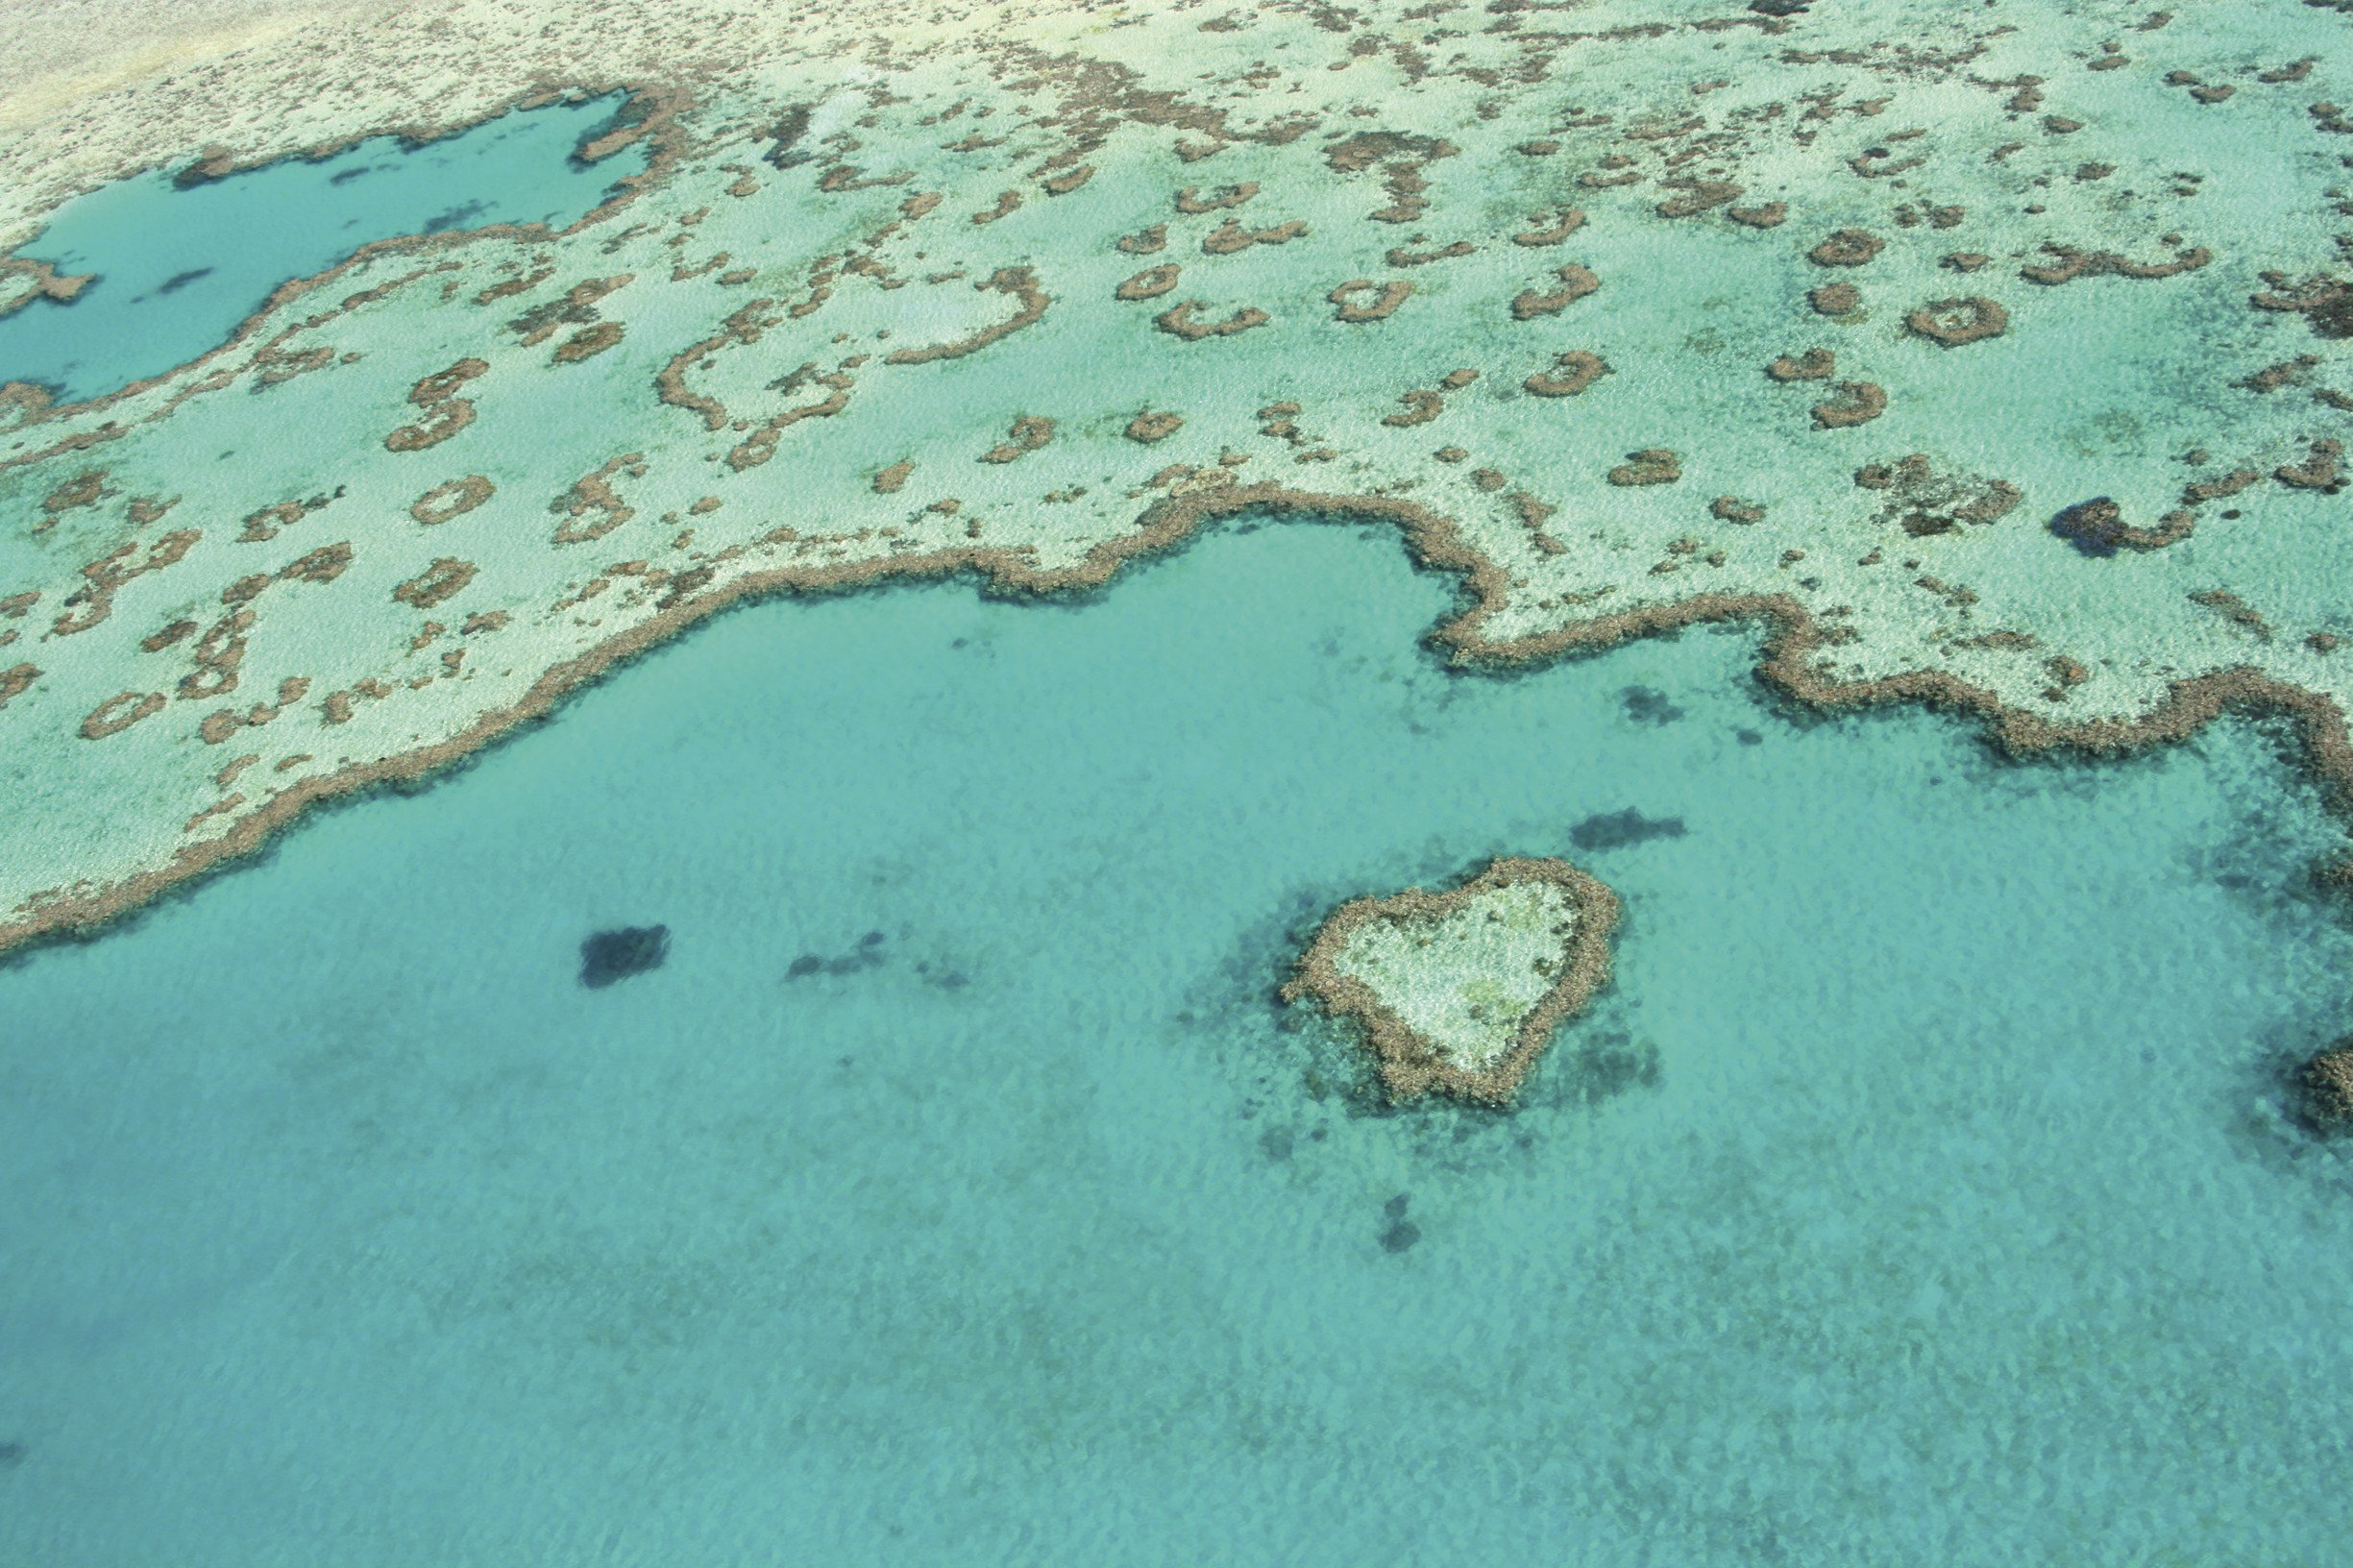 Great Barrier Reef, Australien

____________________

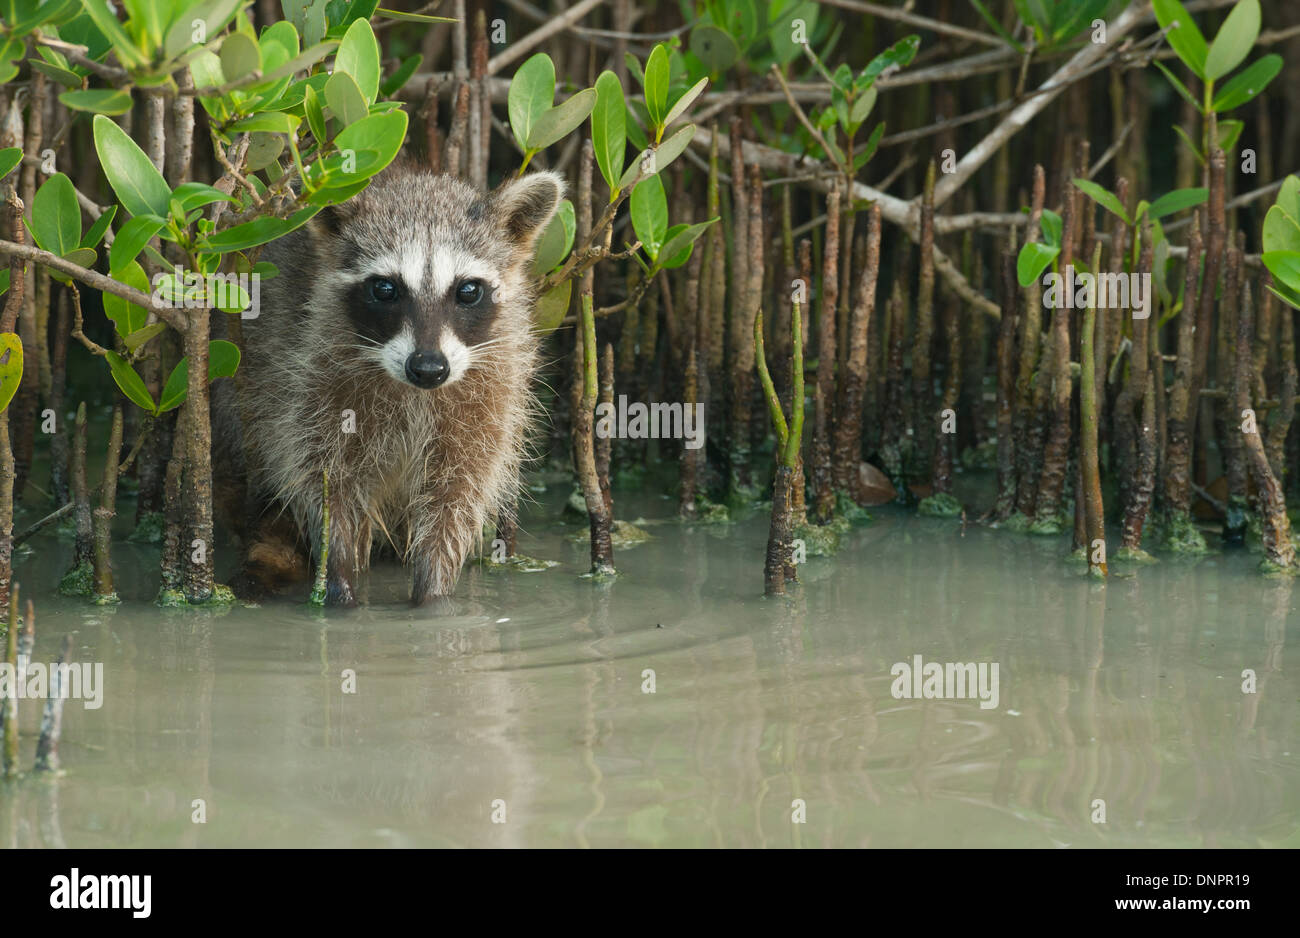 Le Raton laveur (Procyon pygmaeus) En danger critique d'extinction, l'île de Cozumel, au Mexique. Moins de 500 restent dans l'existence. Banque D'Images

____________________

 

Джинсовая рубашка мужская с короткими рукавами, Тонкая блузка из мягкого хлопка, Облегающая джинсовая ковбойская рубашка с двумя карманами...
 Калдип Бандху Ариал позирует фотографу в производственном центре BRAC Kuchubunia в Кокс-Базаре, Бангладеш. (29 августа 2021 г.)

____________________

| Instructions to follow |
An exact, complete copy of the lines above from the one with "Джинсовая рубашка мужская" through the one with "Калдип Бандху Ариал" is the whole answer.

| Your solution |
Джинсовая рубашка мужская с короткими рукавами, Тонкая блузка из мягкого хлопка, Облегающая джинсовая ковбойская рубашка с двумя карманами...
 Калдип Бандху Ариал позирует фотографу в производственном центре BRAC Kuchubunia в Кокс-Базаре, Бангладеш. (29 августа 2021 г.)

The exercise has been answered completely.